Can someone describe the capabilities of the 2D cache? Section 184.108.40.206 says it is optimized for 2D spatial locality, but I can’t find any details. For example if I have a 2D texture of ulong4, how many texels are in the same cache block? Am I correct in assuming the cache blocks are regular sized squares tiling across the texture? I am having good results empirically when the data is organized into 32x32 blocks, but I’m not 100% sure if this is just accidental. Do the cache block sizes depend on the memory type?
I’m not able to answer your question, but I prove 2 results I went through:
1, if randomly accessed, the 2d texture doesn’t surpass global memory. Even if the whole data size is less than 8k(cache size), texture cache helps little, the perf is the same with that in global memory. I can’t think of why.
2, the load from globalmemory -> shared memory or register is block-based, not word-based. ie. One loading such as sm[tx]= (int) gm[i]; can bring more than what we want from global memory. So we have room to utilize spatial locality and think of a little cache.
I’m sorry I can’t give you an answer. But I got another question regarding texture cache:
Section 5.1 (General Specification) says “The cache working set for 1D textures is 8 KB per multiprocessor”.
I am confused about the “1D”. What does this mean? Only 2D-Textures get cached? Probably not.
1D textures are bound to linear memory. They are cached but exhibit obviously only coherency in the “storage direction” of the linear memory, which is basically the same effect that you get with coalesced global memory access.

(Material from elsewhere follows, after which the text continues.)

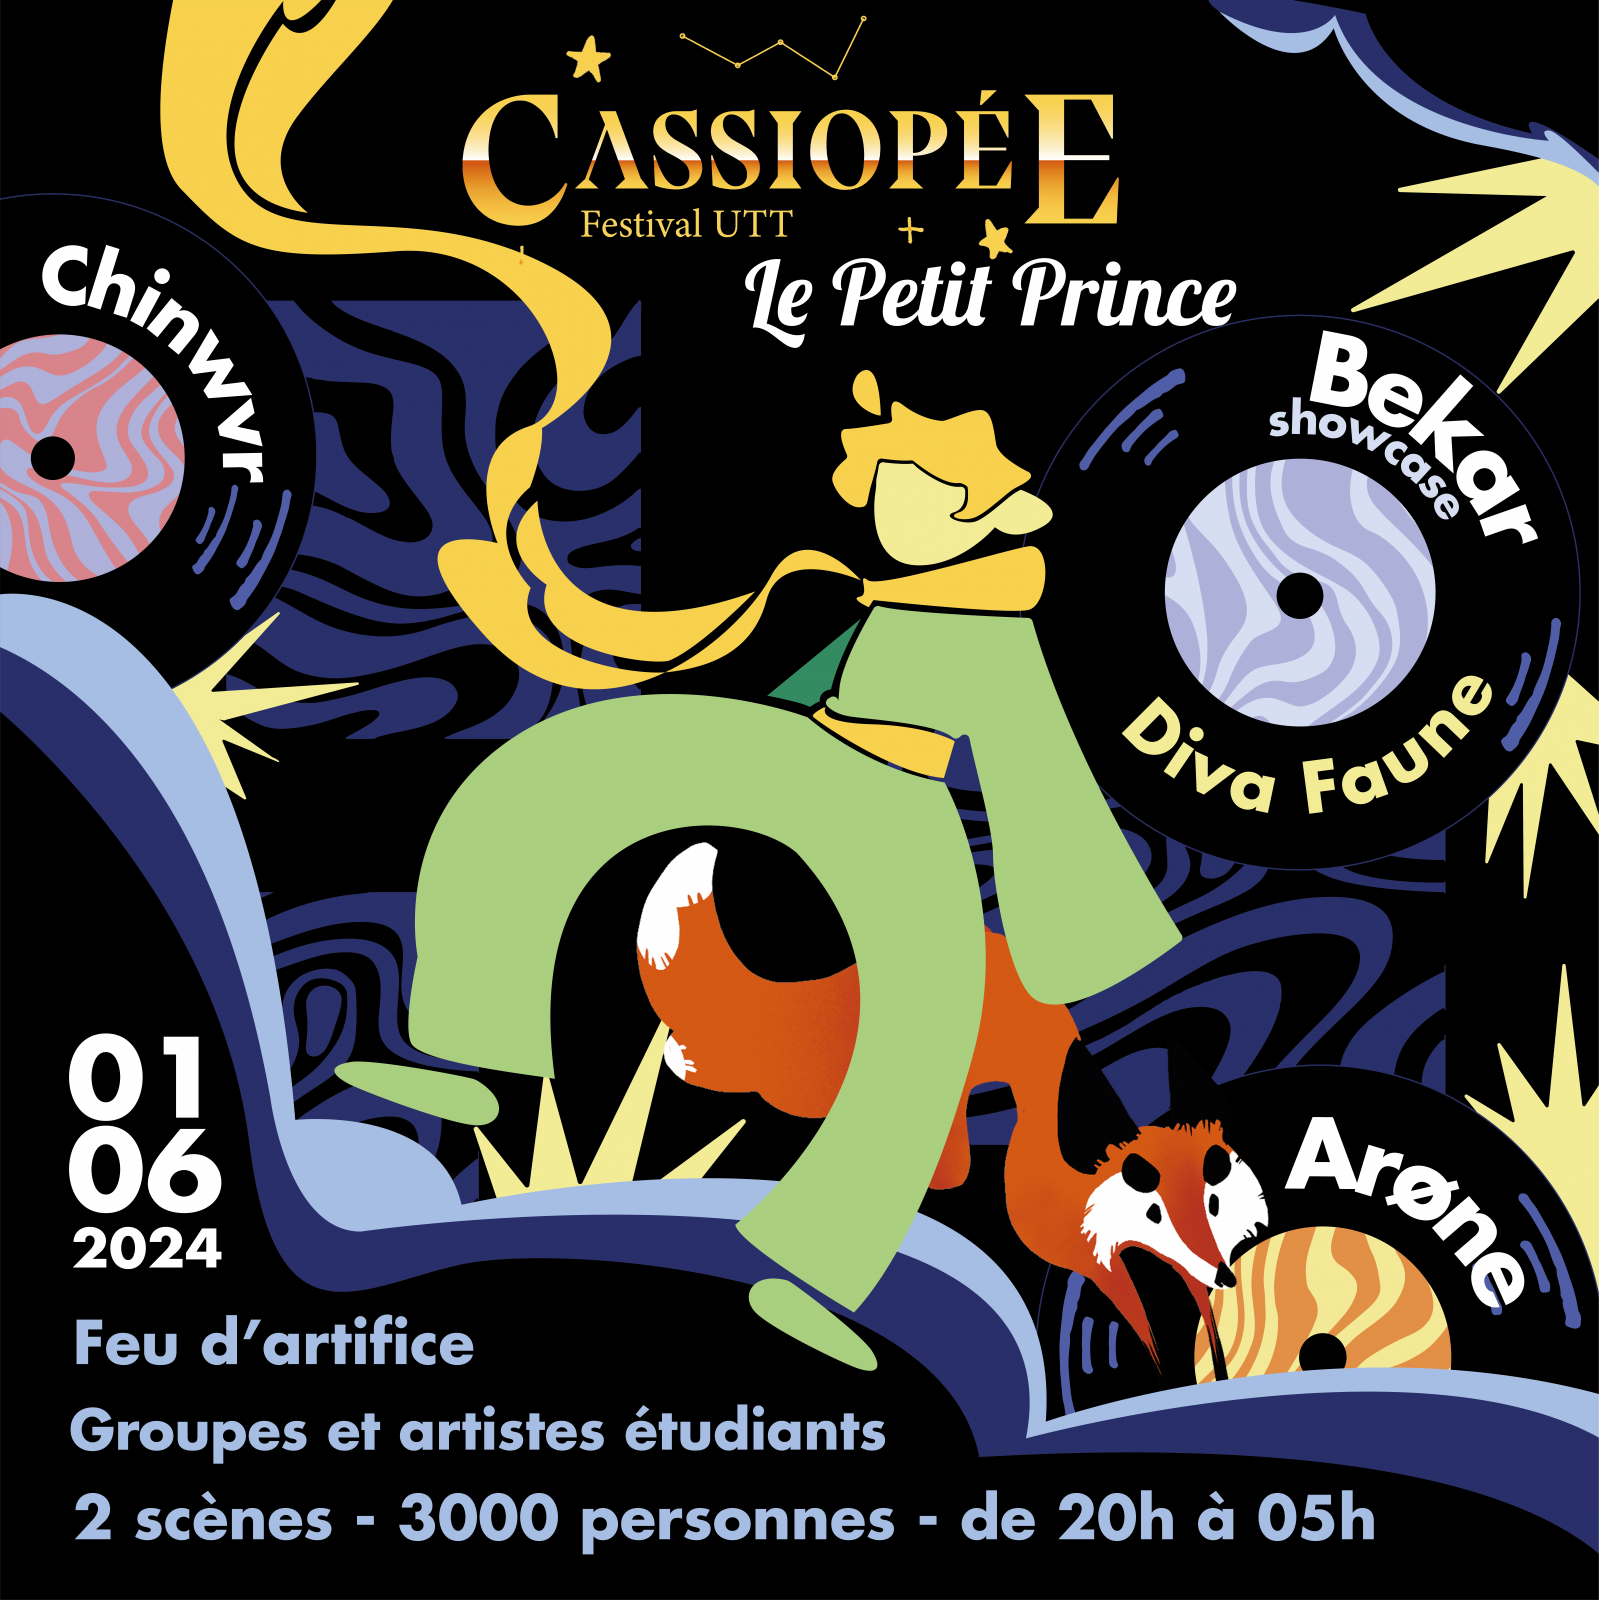 CASSIOPÉE - FESTIVAL UTT Du 1 au 2 juin 2024

2D textures are stored in an array memory layout and have a special 2D cache. No GPU vendor will tell you exactly how this works, but the effect is that accesses are faster in both dimensions now.
The texture cache works very well. See my post in the other thread. Using the texture cache in this example speeds up the execution by a factor of 2 per thread from 77220 to 45156 in the mean (screenshots 3 & 5).